Their efficient tensor network methods and clever “top-k” sampling approach drastically reduce the memory and computational load needed for accurate simulations. These strategies were validated with smaller test circuits and could shape the future of quantum research, pushing the boundaries of what classical systems can simulate.
Simulating Google’s Quantum Circuit
A team of researchers has reached a major milestone in quantum computing by successfully simulating Google’s 53-qubit, 20-layer Sycamore quantum circuit. This was accomplished using 1,432 NVIDIA A100 GPUs and highly optimized parallel algorithms, opening new doors for simulating quantum systems on classical hardware.
Figure 1. A schematic diagram of a quantum random circuit. Credit: ©Science China Press
Innovations in Tensor Network Algorithms
At the core of this achievement are advanced tensor network contraction techniques, which efficiently estimate the output probabilities of quantum circuits. To make the simulation feasible, the researchers used slicing strategies to break the full tensor network into smaller, more manageable parts. This significantly reduced memory demands while preserving computational efficiency — making it possible to simulate large quantum circuits with comparatively modest resources.
The team also used a “top-k” sampling method, which selects the most probable bitstrings from the simulation output. By focusing only on these high-probability results, they improved the linear cross-entropy benchmark (XEB) — a key measure of how closely the simulation matches expected quantum behavior. This not only boosted simulation accuracy but also reduced the computational load, making the process faster and more scalable.
Figure 2. Performance of implementations of sampling the Sycamore circuit. Credit: ©Science China Press
Validating with Smaller Circuits
To validate their algorithm, the researchers conducted numerical experiments with smaller-scale random circuits, including a 30-qubit, 14-layer gate circuit. The results demonstrated excellent agreement with theoretically predicted XEB values for various tensor contraction sub-network sizes. The top-k method’s enhancement of the XEB value closely aligned with theoretical predictions, affirming the accuracy and efficiency of the algorithm.

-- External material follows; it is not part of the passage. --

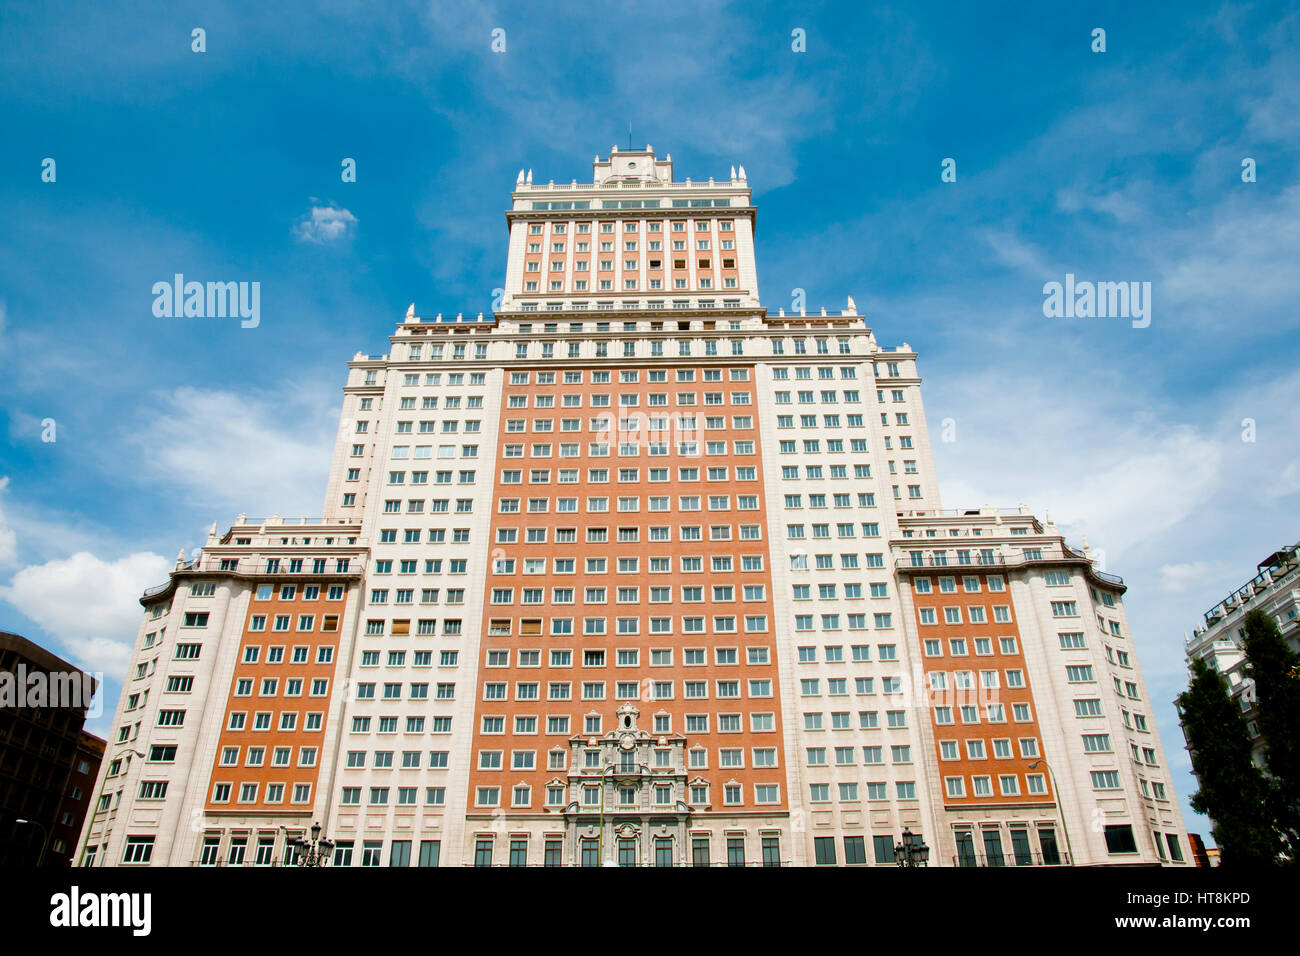 Edificio Espana (Spain Building) - Madrid - Spain Stock Photo

Figure 3. Histogram of the probabilities of 3 million post processed samples from the Sycamore circuit with 53 qubits and 20 cycles. Credit: ©Science China Press
Streamlining Tensor Contraction Performance
The study also highlighted strategies for optimizing tensor contraction resource requirements. By refining the order of tensor indices and minimizing inter-GPU communication, the team achieved notable improvements in computational efficiency. This strategy also demonstrates, based on complexity estimates, that increasing memory capacity — such as 80GB, 640GB, and 5120GB — can significantly reduce computational time complexity. The use of 8×80 GB memory configurations per computational node enabled high-performance computing.
Future of Quantum Simulations
This breakthrough not only establishes a new benchmark for classical simulations of multi-qubit quantum computers but also introduces innovative tools and methodologies for future quantum computing research. By continuing to refine algorithms and optimize computational resources, the researchers anticipate making substantial progress in simulating larger quantum circuits with more qubits. This work represents a significant advancement in quantum computing, offering valuable insights for the ongoing development of quantum technologies.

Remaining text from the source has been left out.